JacquesW
JacquesW

Reputation: 43

Different results achieved using Python's os.walk function and ls command

#!/bin/python
import os
pipe=os.popen("ls /etc -alR| grep \"^[-l]\"|wc -l")         #Expr1
a=int(pipe.read())
pipe.close()
b=sum([len(files) for root,dirs,files in os.walk("/etc")])  #Expr2
print a
print b
print "a equals to b ?", str(a==b)  #False
print "Why?"

What is the difference between Expr1's function and Expr2's? I think Expr1 gives the right answer, but not sure.

Upvotes: 4

Views: 686

Answers (3)

unutbu
unutbu

Reputation: 880937

Short answer:

ls -laR | grep "^[-l]" counts symlinks to directories. It matches any line that begins with l and that includes symlinks to directories.

In contrast, [files for root, dirs, files in os.walk('/etc')] does not count symlinks to directories. It ignores all directories and lists only files.


Long answer:

Here is how I identified the discrepancies:

import os
import subprocess
import itertools

def line_to_filename(line):
    # This assumes that filenames have no spaces, which is a false assumption
    # Ex: /etc/NetworkManager/system-connections/Wired connection 1
    idx = line.rfind('->')
    if idx > -1:
        return line[:idx].split()[-1]
    else:
        return line.split()[-1]

line_to_filename tries to find the filename in the output of ls -laR.

This defines expr1 and expr2 and is essentially the same as your code.

proc=subprocess.Popen(
    "ls /etc -alR 2>/dev/null | grep -s \"^[-l]\" ", shell = True,
    stdout = subprocess.PIPE)         #Expr1
out, err = proc.communicate()
expr1 = map(line_to_filename, out.splitlines())
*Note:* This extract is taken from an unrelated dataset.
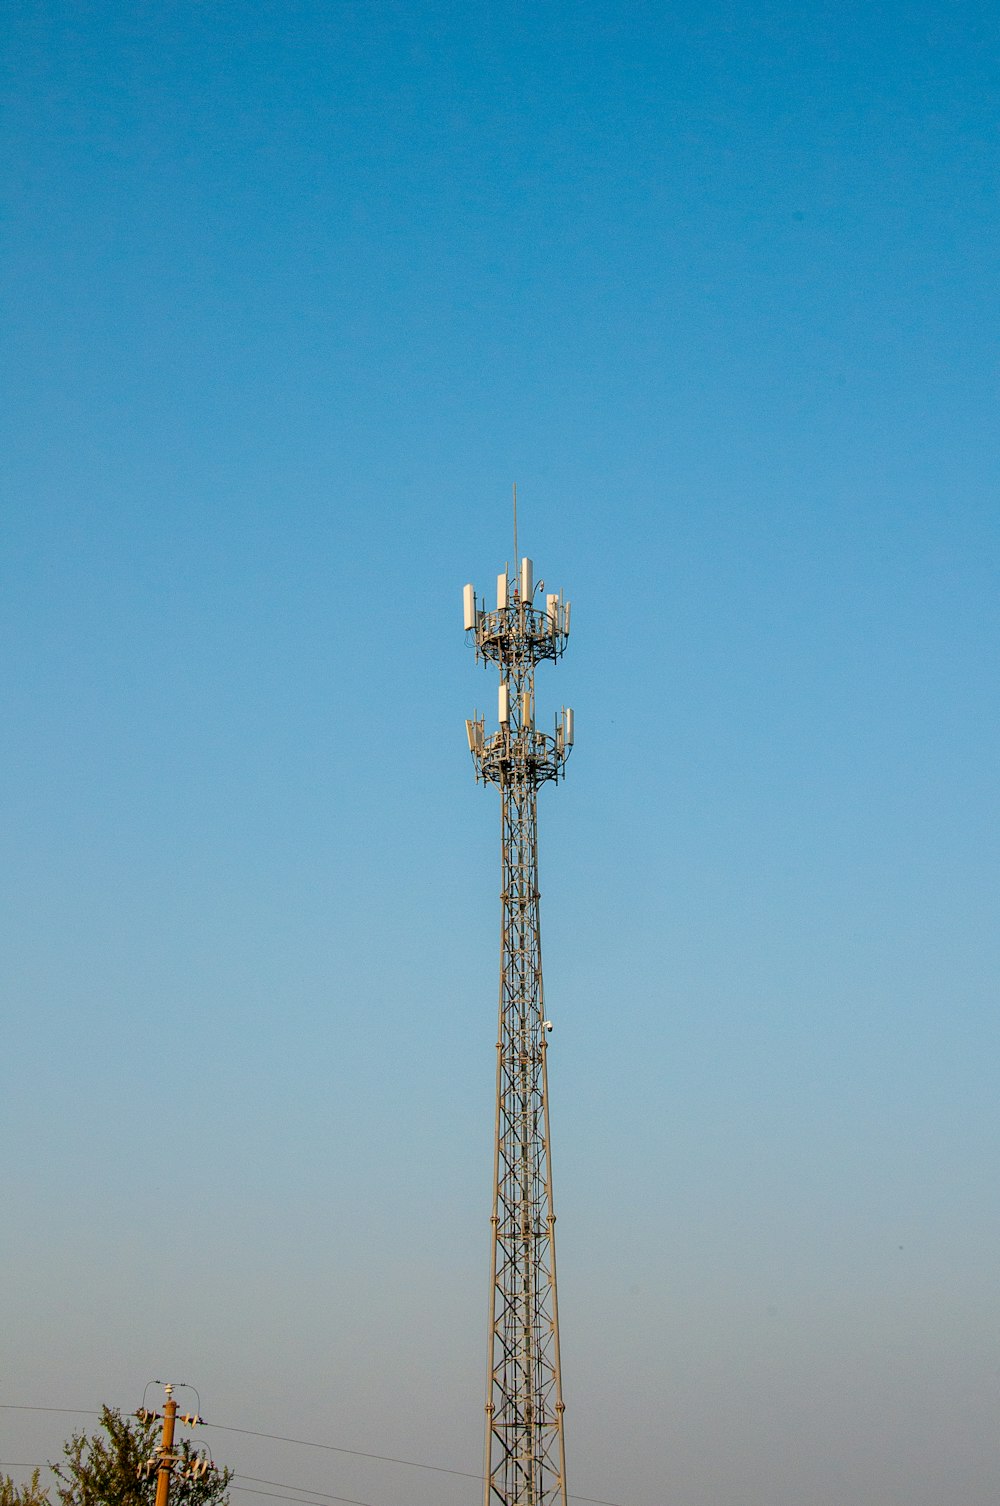 高い塔の上に携帯電話が置かれている
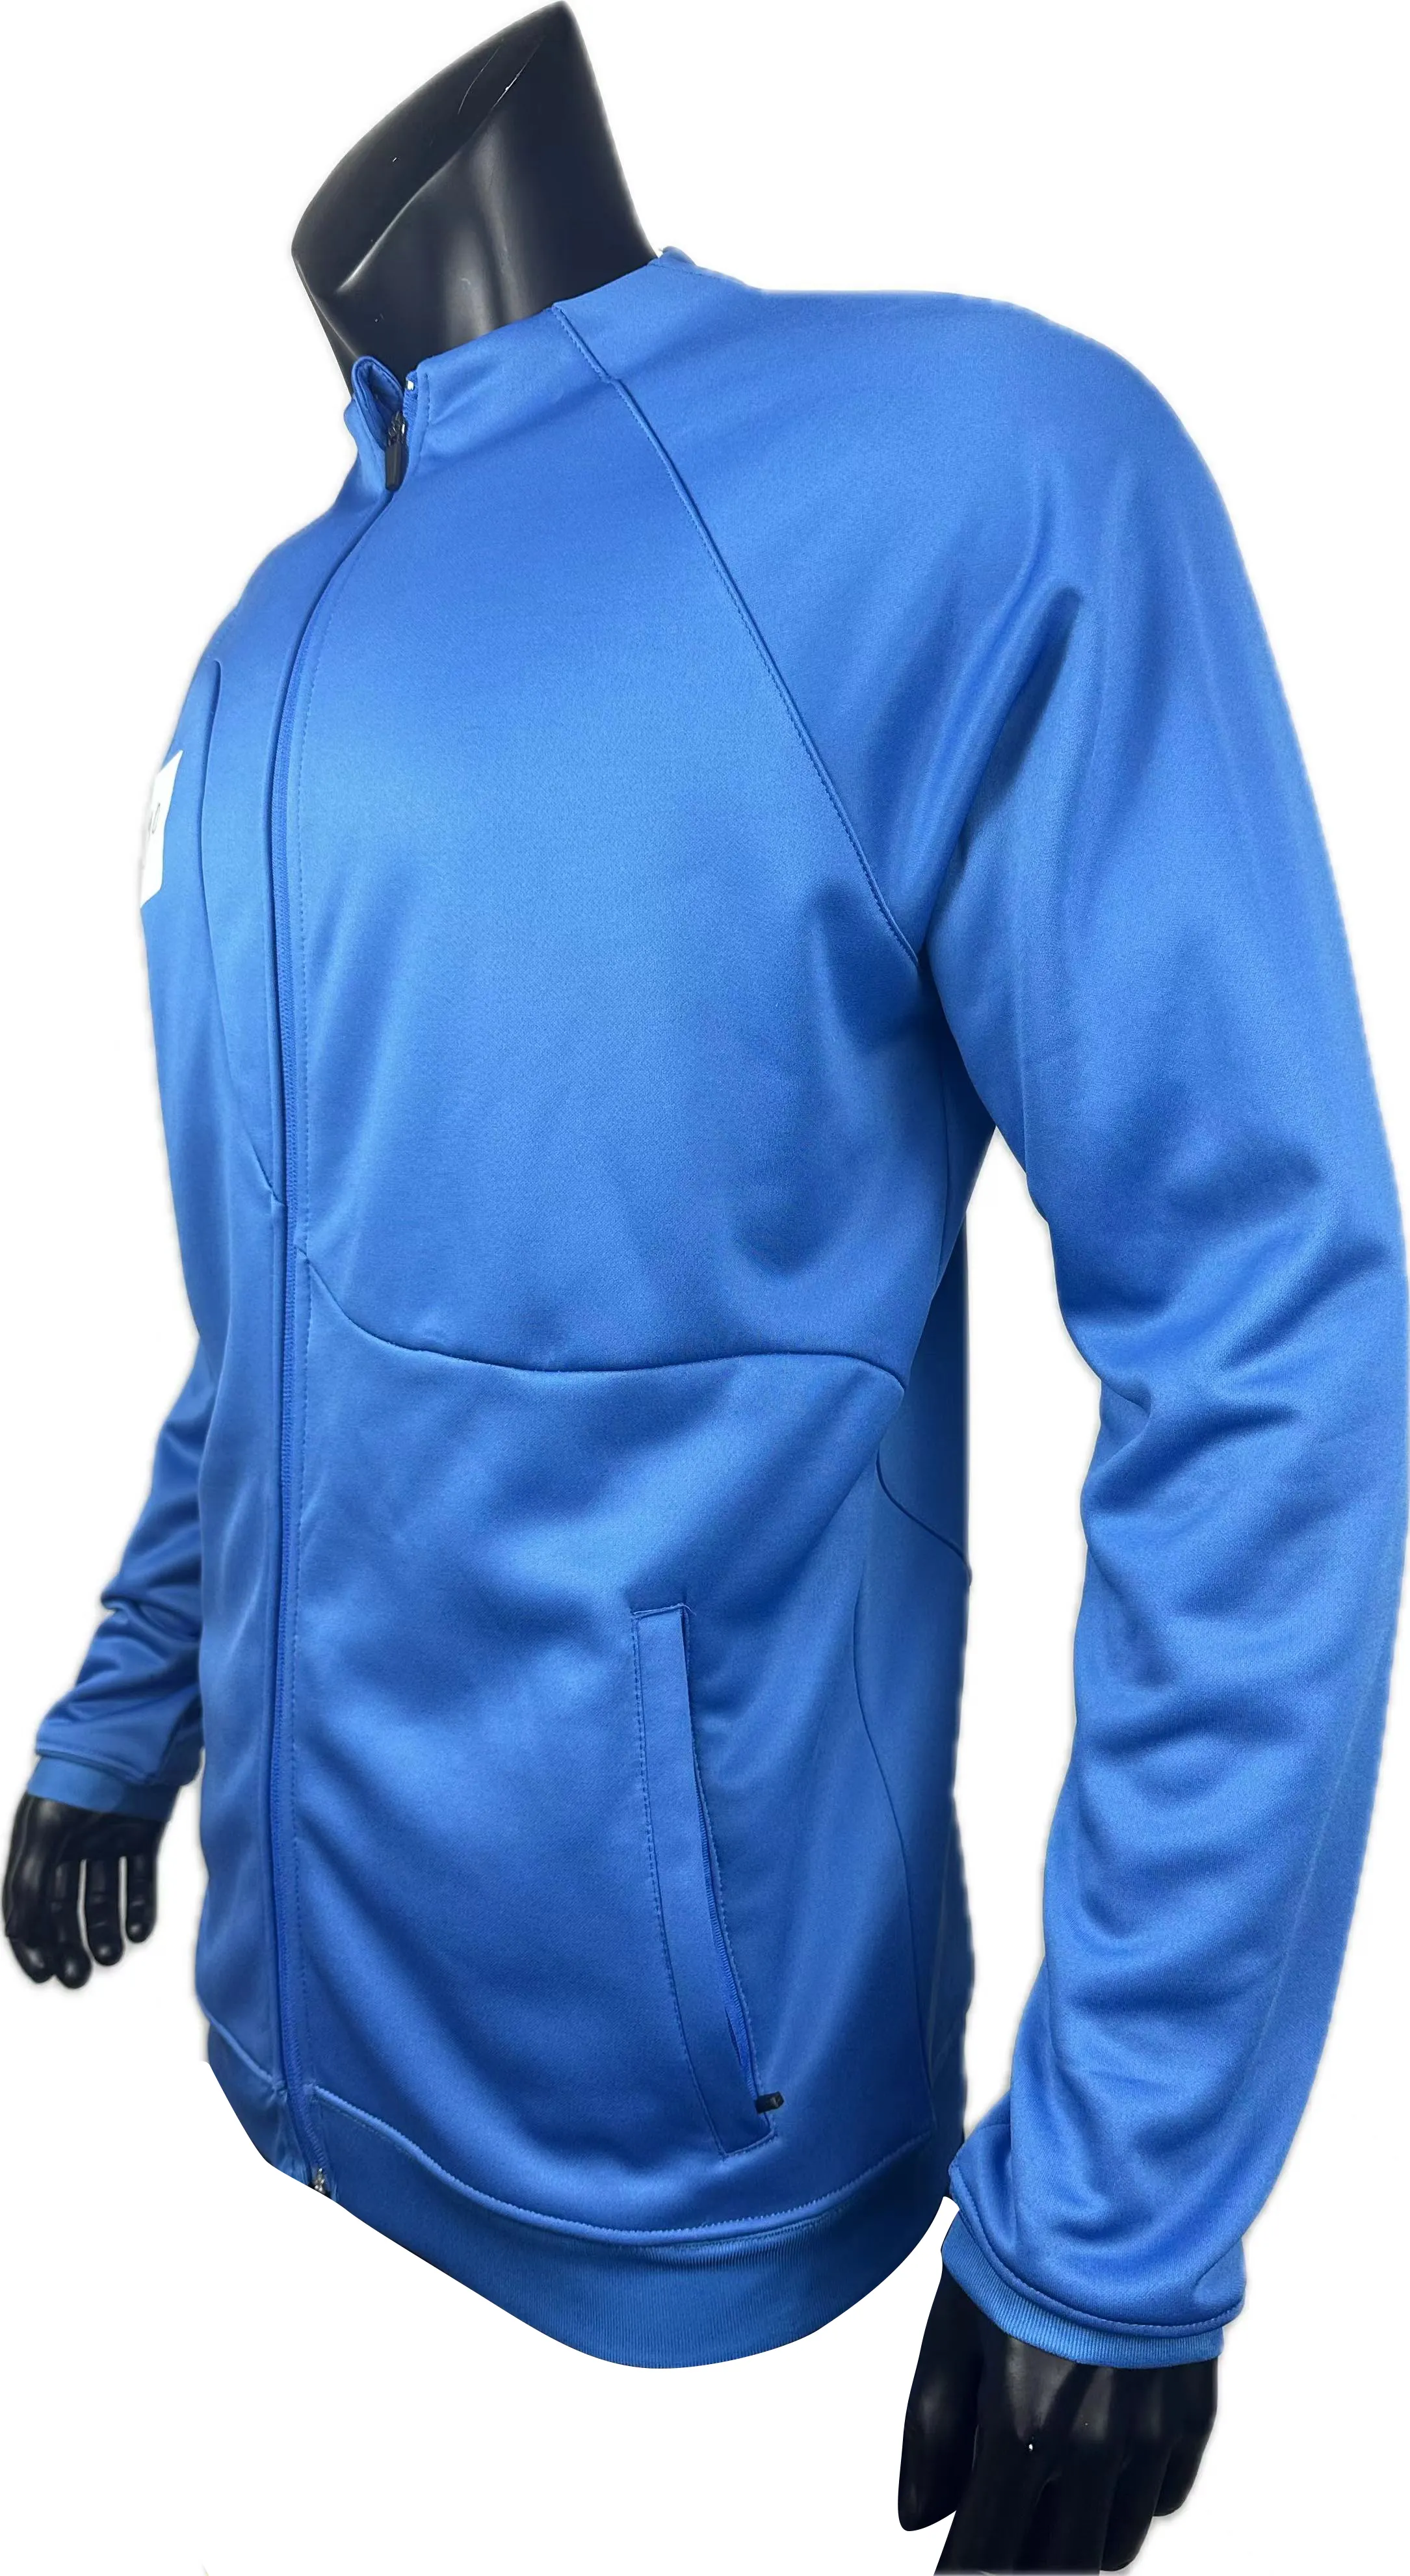 Jaqueta com zíper personalizada para homens, jaqueta bordada plus size, roupa de treino com logotipo personalizado, roupa esportiva unissex

expr2 = list(itertools.chain.from_iterable(
    files for root,dirs,files in os.walk('/etc') if files))  #Expr2

for expr in ('expr1', 'expr2'):
    print '{e} is of length {l}'.format(e = expr, l = len(vars()[expr]))

This removes names from expr1 that are also in expr2:

for name in expr2:
    try:
        expr1.remove(name)
    except ValueError:
        print('{n} is not in expr1'.format(n = name))

After removing filenames that expr1 and expr2 share in common,

print(expr1) 

yields

['i386-linux-gnu_xorg_extra_modules', 'nvctrl_include', 'template-dkms-mkdsc', 'run', '1', 'conf.d', 'conf.d']

I then used find to find these files in /etc and tried to guess what was unusual about these files. They were symlinks to directories (rather than files).

Upvotes: 4

chepner
chepner

Reputation: 532428

On my machine, /etc is a symlink to /private/etc, so ls /etc has only one line of output. ls /etc/ give the expected equivalence between ls and os.walk.

Upvotes: 0

f p
f p

Reputation: 3223

If you use walk, errors are ignored (see this), and ls sends a message for each error. These count as words.